Critical ecosystems that underpin global food production, climate regulation and water cycles are of particular importance to UK national security. Severe degradation or collapse would likely result in water insecurity, sharply reduced crop yields, fisheries collapse, loss of arable land, altered global weather patterns, release of stored carbon and heightened pandemic risk. The UK’s reliance on food and fertiliser imports means that, without greater resilience, it would struggle to maintain food security if geopolitical competition for resources intensifies.
Biodiversity loss is a global threat
The report highlights that monitored wildlife populations declined by an average of 73% between 1970 and 2020, with freshwater species populations falling by 84%. Vertebrate species populations declined by 68% over the same period. Extinction rates are tens to hundreds of times higher than the long-term natural average, indicating a potential sixth mass extinction.
Food production is identified as the most significant driver of terrestrial biodiversity loss. With the global population projected to reach 9.7 billion by 2050, pressure on land, water and ecosystems will intensify. Current trends indicate ecosystem degradation is highly likely to continue beyond 2050. International commitments such as the Kunming–Montreal Global Biodiversity Framework aim to reverse these trends through targets including protecting 30% of land and oceans by 2030, restoring 30% of degraded nature and mobilising US$700 billion in finance.

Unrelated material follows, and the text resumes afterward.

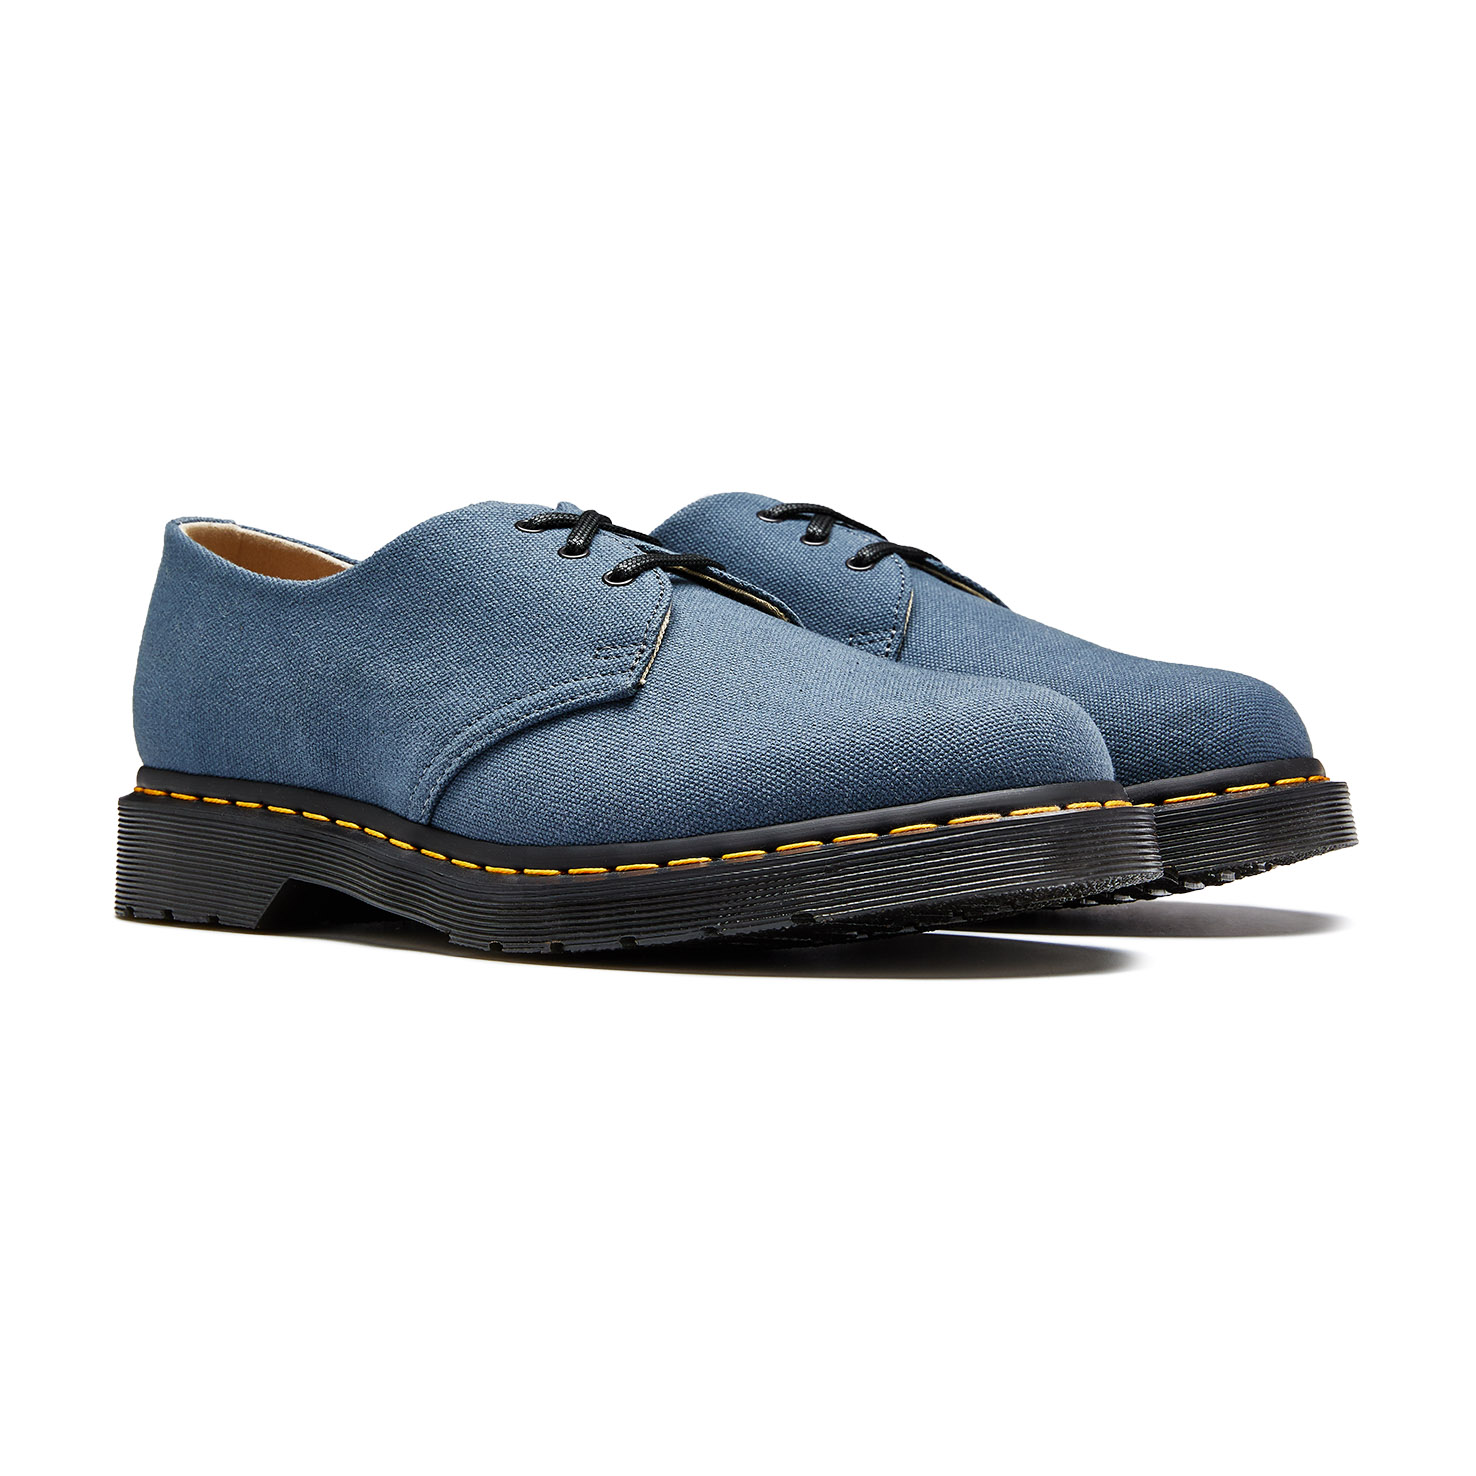 1461 Canvas Oxford Shoes DR.MARTENS, размер 40, цвет синий DM27211 - фото 2

Biodiversity loss impacts national security
Nature is described as a foundation of national security, providing essential services such as food, water, clean air and climate regulation. Biodiversity loss undermines these services, increasing risks of food insecurity, inflation, health impacts and supply chain disruption. These pressures can escalate into political instability, extremism, serious organised crime and interstate conflict.
The report illustrates cascading risks through case studies, including crop failures contributing to migration and instability. Increasing scarcity of natural resources is expected to heighten competition between states and non-state actors, exacerbate existing conflicts and create new security challenges for the UK and its allies.
Critical ecosystems are at risk of collapsing
The assessment identifies six ecosystem regions as critical for UK national security due to the scale and speed of potential collapse and their global impacts: the Amazon rainforest, Congo Basin, South-East Asian coral reefs and mangroves, the Himalayas, and boreal forests in Russia and Canada. Some ecosystems, such as coral reefs and boreal forests, may begin collapsing from around 2030, with rainforests and mangroves potentially following from 2050.
Crossing ecological tipping points would lead to irreversible loss of ecosystem functions, accelerating climate change and biodiversity loss. Preventing collapse would require significant reductions in human pressures alongside ecosystem protection and restoration. Restoration is more feasible for some ecosystems, such as tropical forests, than others, including coral reefs.
Ecosystem collapse and UK Food Security
The UK imports around 40% of its food, over 25% from Europe, and is heavily reliant on imports for fruit, vegetables, sugar, animal feed and fertilisers. Ecosystem degradation in major food-producing regions would increase global scarcity and prices, potentially limiting the UK’s ability to secure affordable imports.
The report concludes that full food self-sufficiency is currently unrealistic without major dietary change, efficiency gains and investment. Protecting and restoring ecosystems is assessed as more reliable and cost-effective than relying solely on unproven technological solutions. Strengthening ecosystem resilience and food system efficiency is therefore central to reducing long-term national security risks.